Eros teaches us that there is a vital distinction between telling the truth and being honest. Telling the truth is the letter of the law in a world that lives from the neck up. It is bureaucratic, protocolled, formulaic, and managed.
True honesty is a process. Telling the truth is a concretization of honesty, but when we are honest it is fluid and contradictory, and that is offensive to the truth-telling, fact-based, just-give-it-to-me-straight-without-all-the-paradox-and-contradiction mind.
The greatest impediment to being honest is that we demonize, rather than honor, desire. Desire is a process. It is the energy of the human realm. When we demonize it, we necessarily have to distance ourselves from it, and if we distance ourselves from it, then we are saying a partial truth. We think if we do not admit something, then it is not true.
If we demonize the involuntary—this process orientation to life—then we demonize the body it issues from, which makes the rational mind that much more rigid.

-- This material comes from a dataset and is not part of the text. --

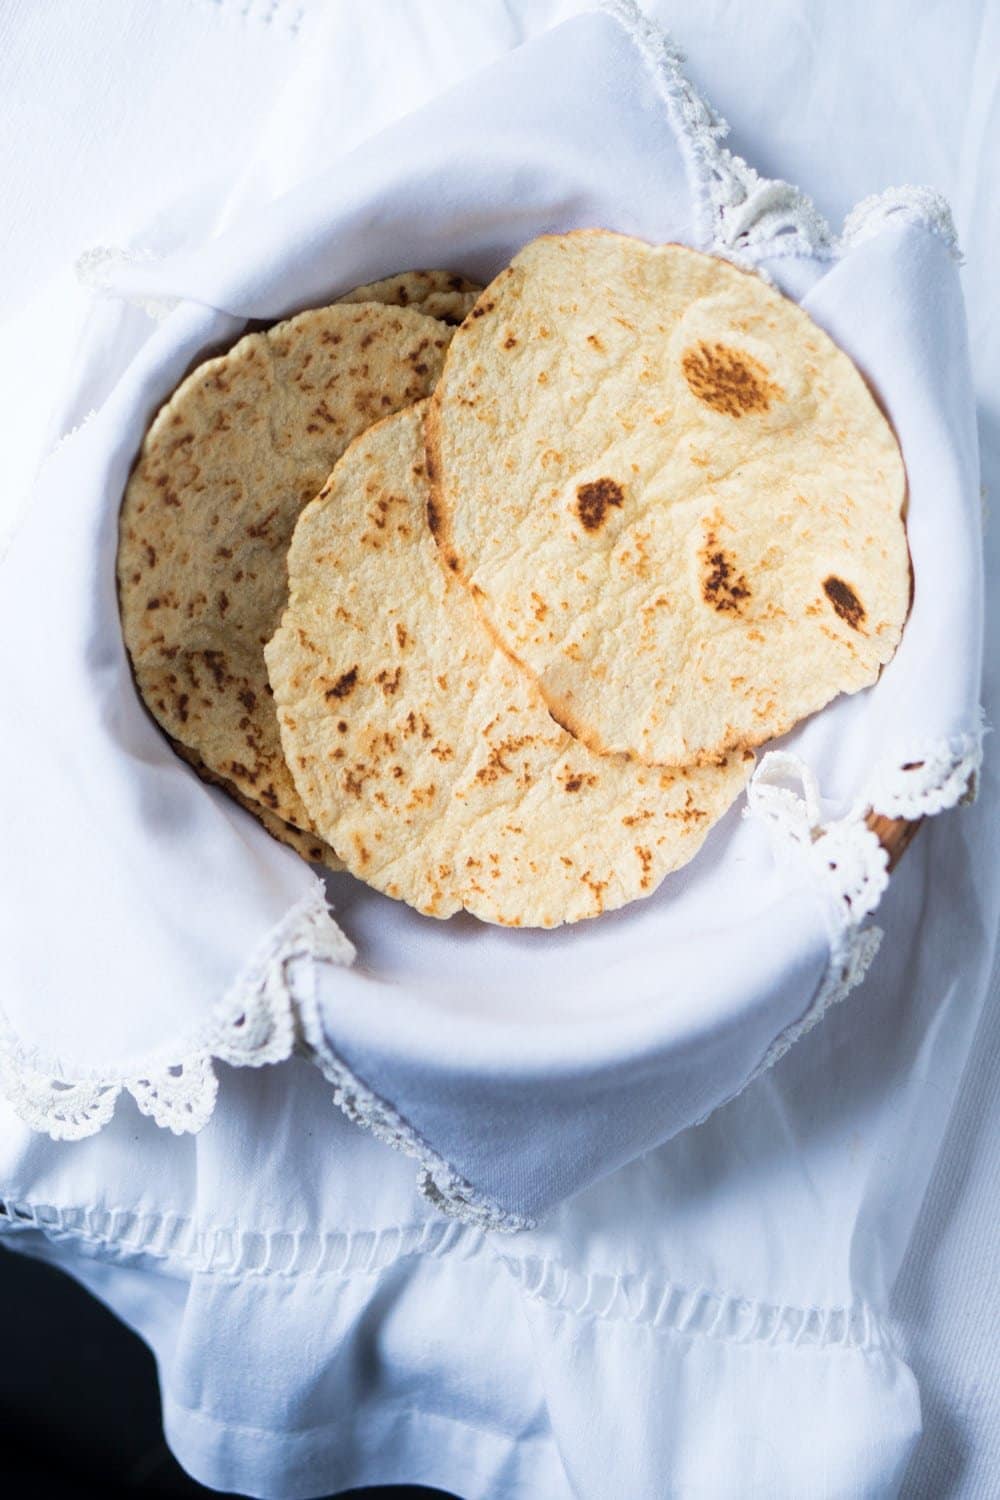 Gluten free and keto tortillas in a basket with white cloth 
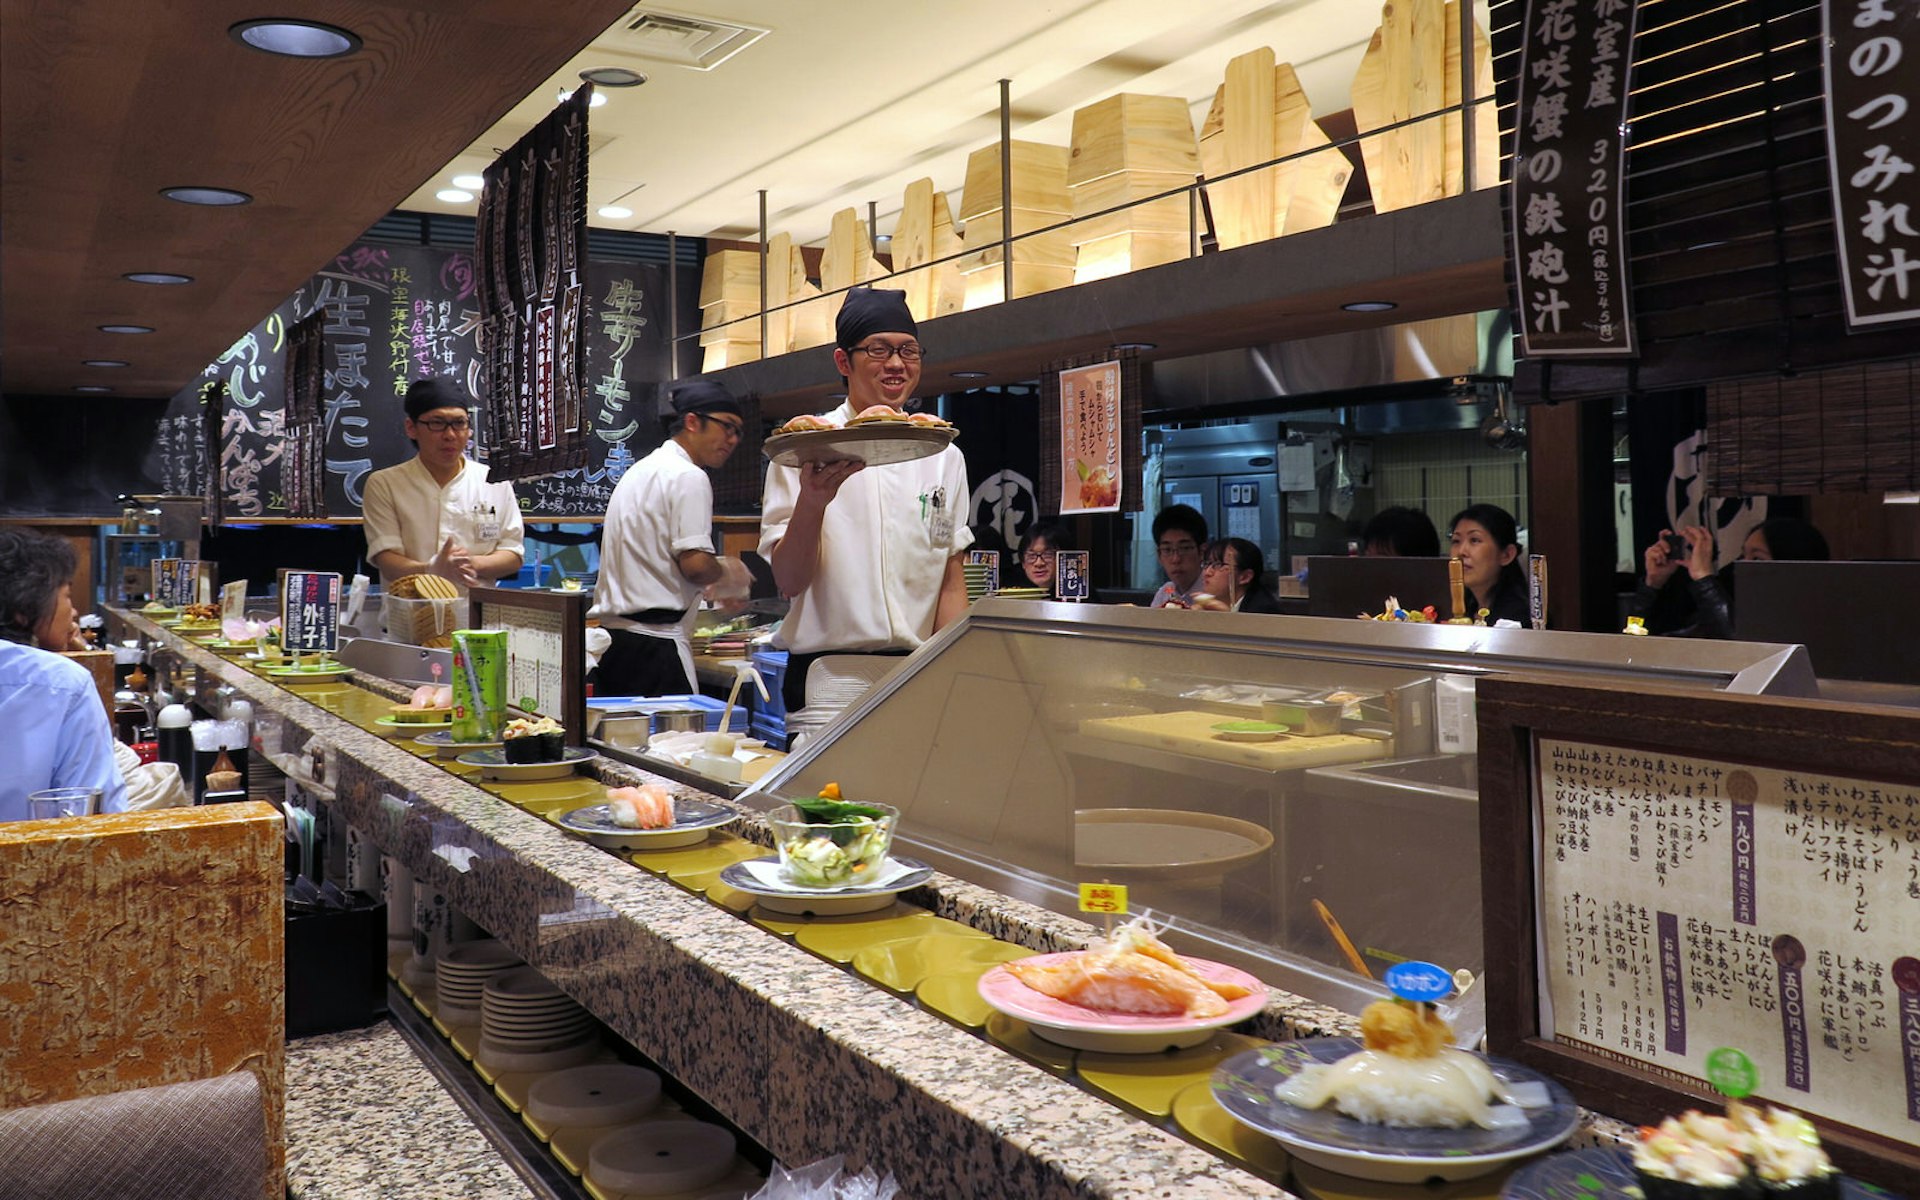 A Tokyo restaurant interior with a conveyor belt, upon which are platefuls of sushi and assorted Japanese fare. Behind the belt in the kitchen, chefs clad in white, smiling, prepare and hold aloft dishes.

Most of us cannot get into agreement with what is happening under the radar, and suddenly, we are exhibiting behaviors or experiencing consequences that seem out of line with the person we have perceived ourselves to be.
Desire is natural law communicating itself to us, and it is quite simple. It is call-and-response between us and our lives, to the extent that it calls and we respond. Our lives incentivize us by conferring a feeling of fulfillment; to the extent we do not, we experience insufficiency.
Being honest about what we want trumps our conception of eternal truths, because the eternal only exists in the now. It is only in listening to this desire that our lives can let themselves be known without having to conform to our ideas.